▶ **STORED DATA**:
● ● ● ● ●
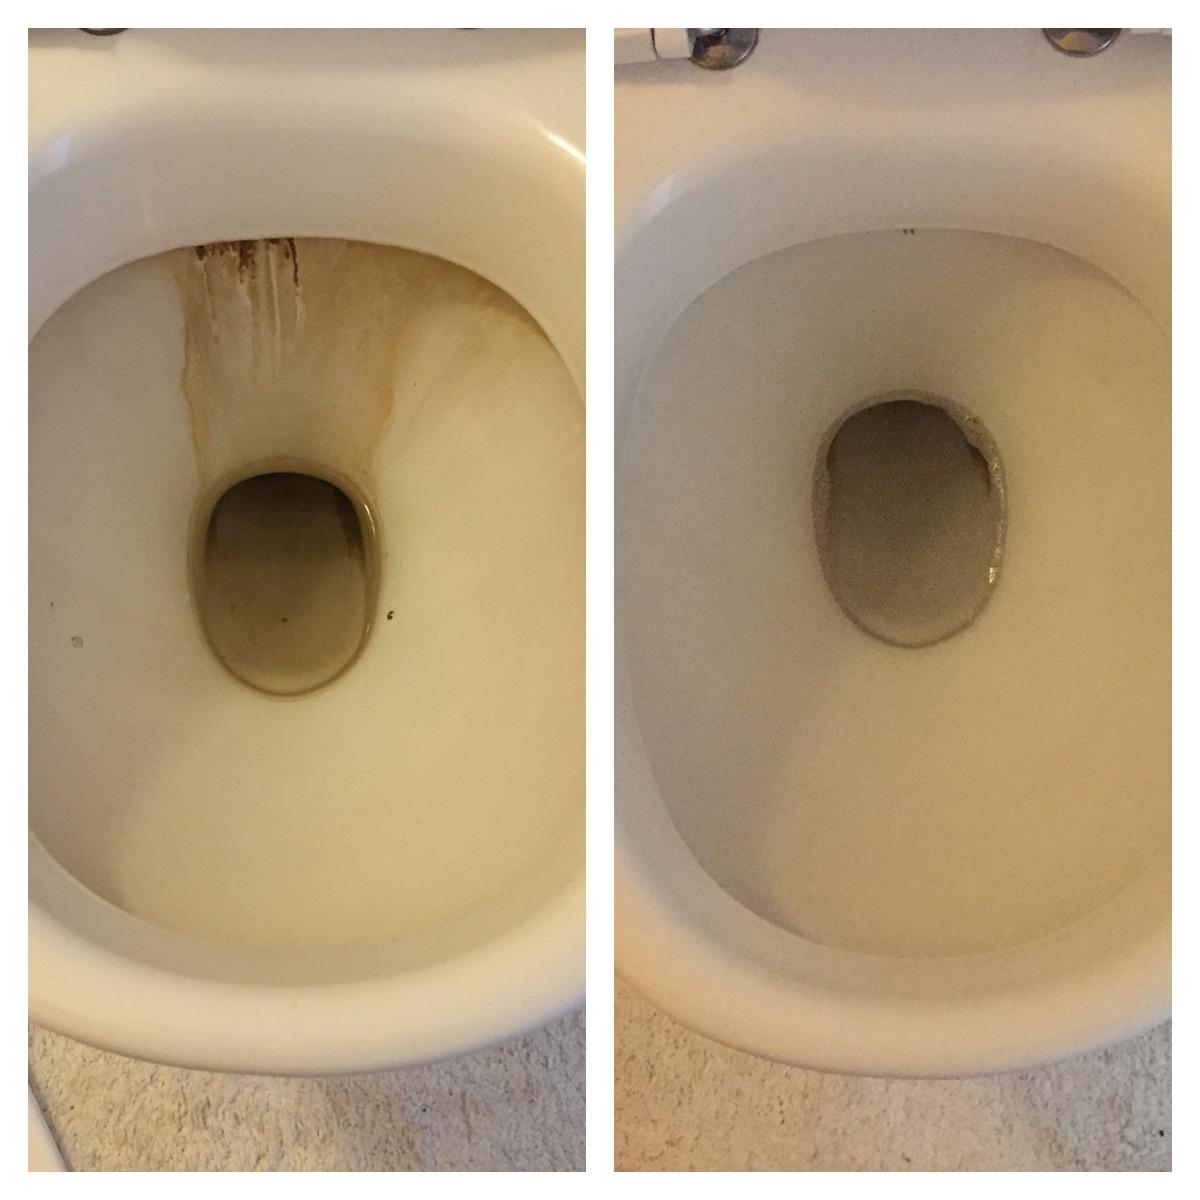 6c1ab637 Før og efter billede af toilet med mørke rander
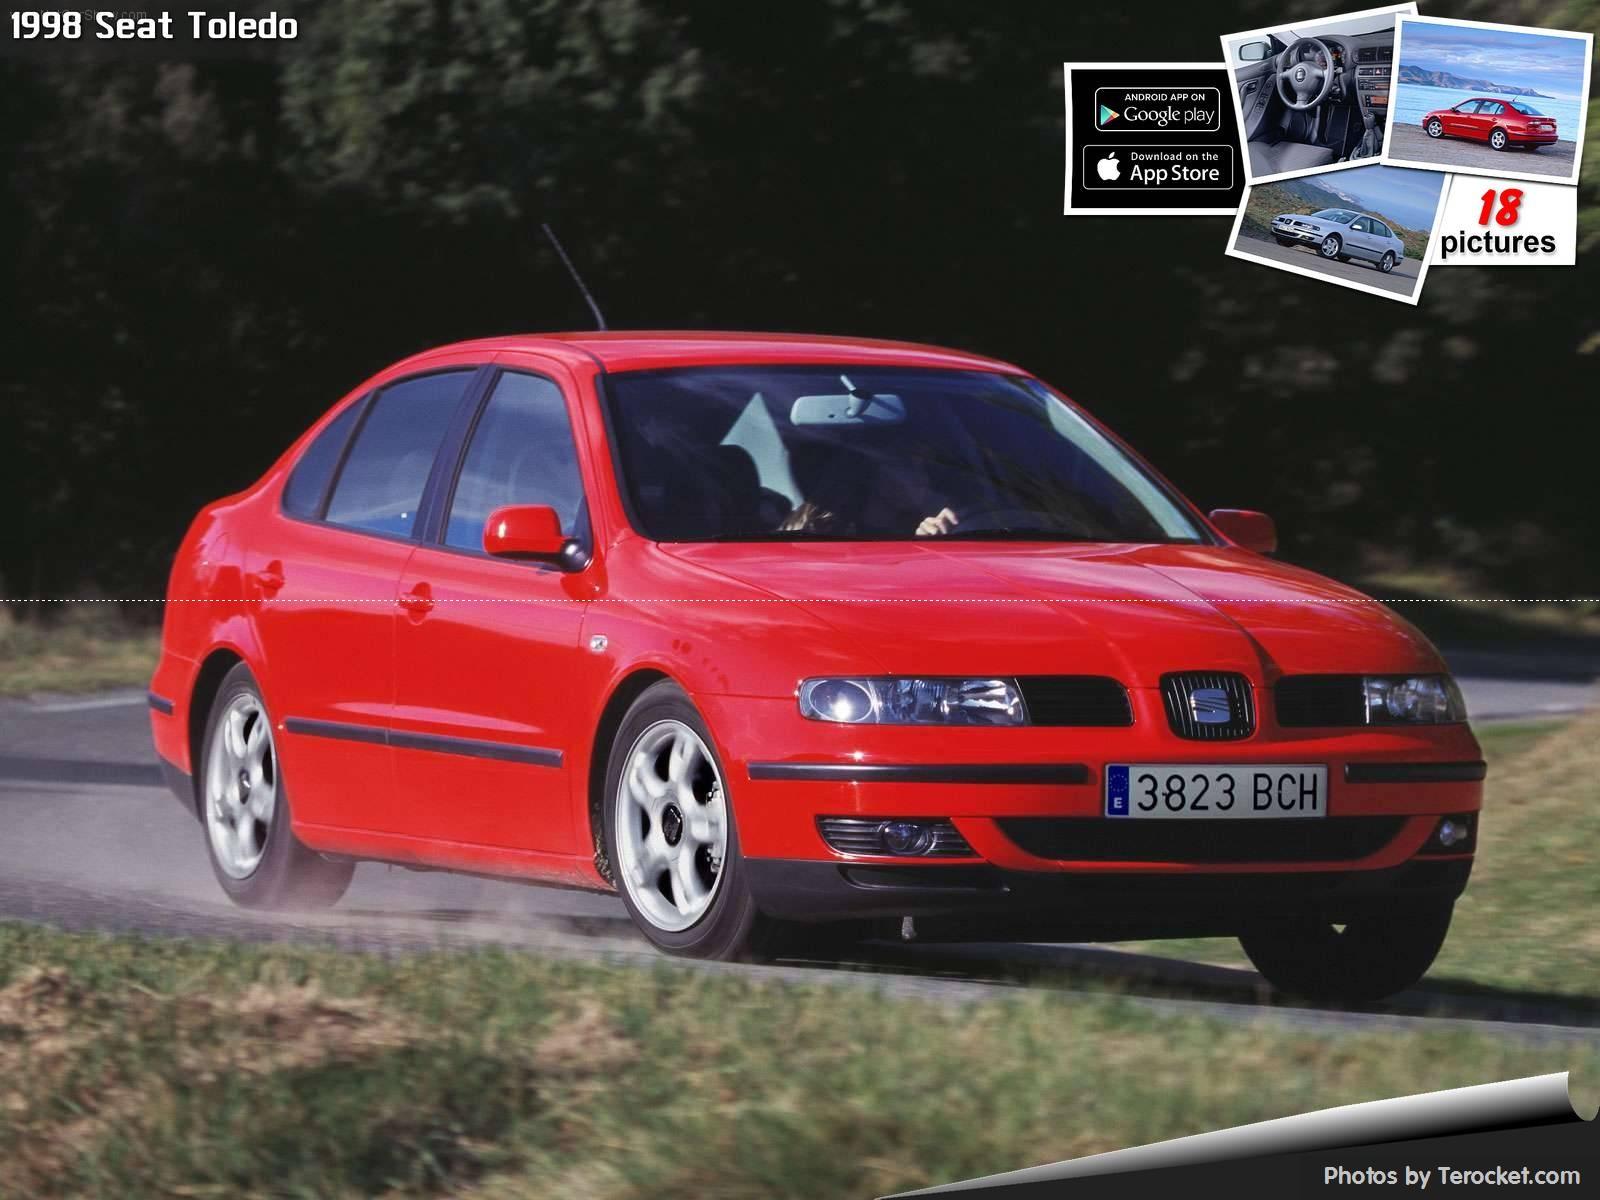 Hình ảnh xe ô tô Seat Toledo 1998 & nội ngoại thất
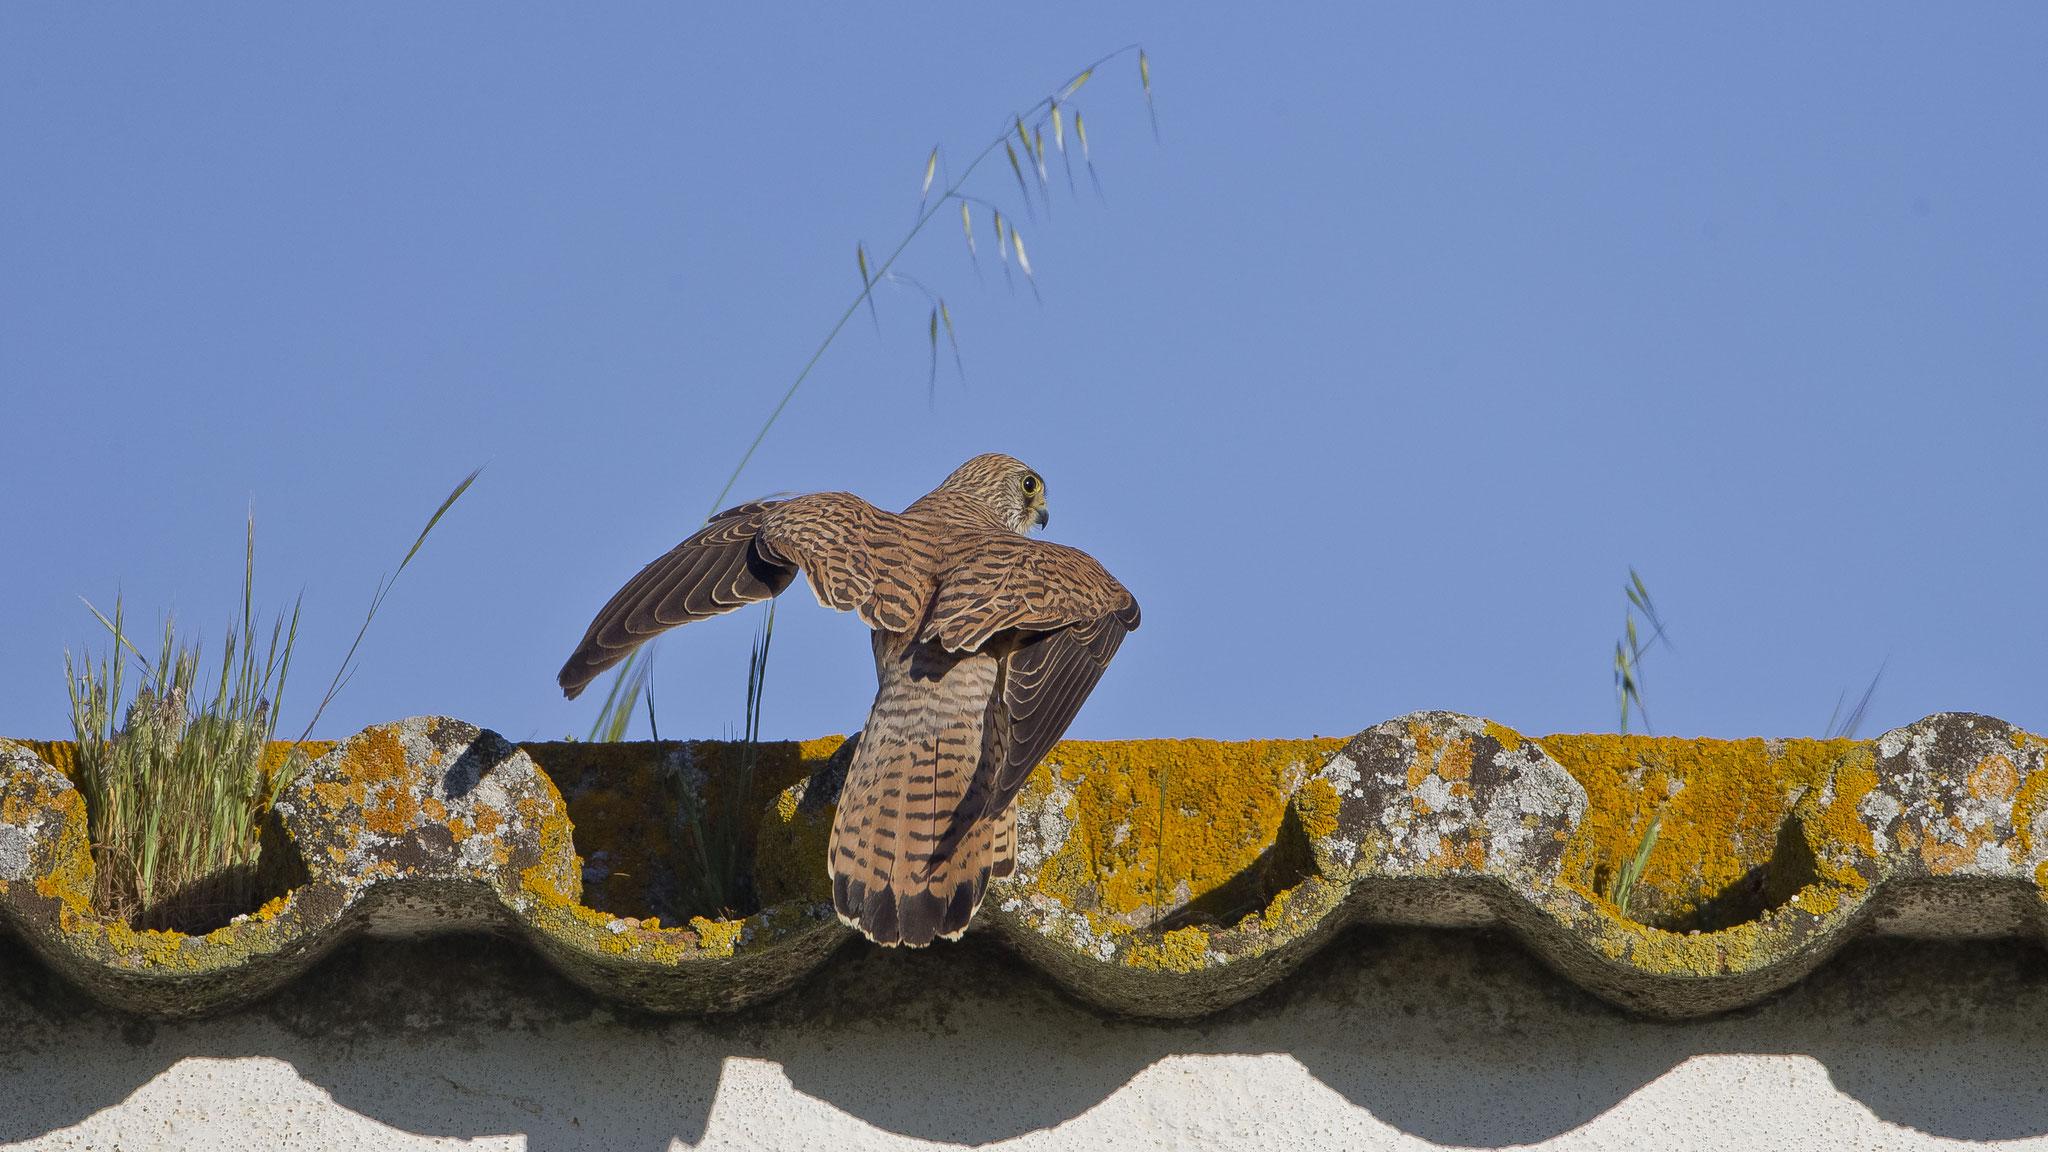 Das Gebäude beherbergt eine grössere Brutkolonie von Rötelfalken - daher auch ein Paradies für Vogelfotografen!
● ● ● ● ●
▶ **TASK DETAILS**:
What you give back must match the material word for word, with no images included.

▶ **SOLVED PROBLEM**:
 6c1ab637 Før og efter billede af toilet med mørke rander
 Hình ảnh xe ô tô Seat Toledo 1998 & nội ngoại thất
 Das Gebäude beherbergt eine grössere Brutkolonie von Rötelfalken - daher auch ein Paradies für Vogelfotografen!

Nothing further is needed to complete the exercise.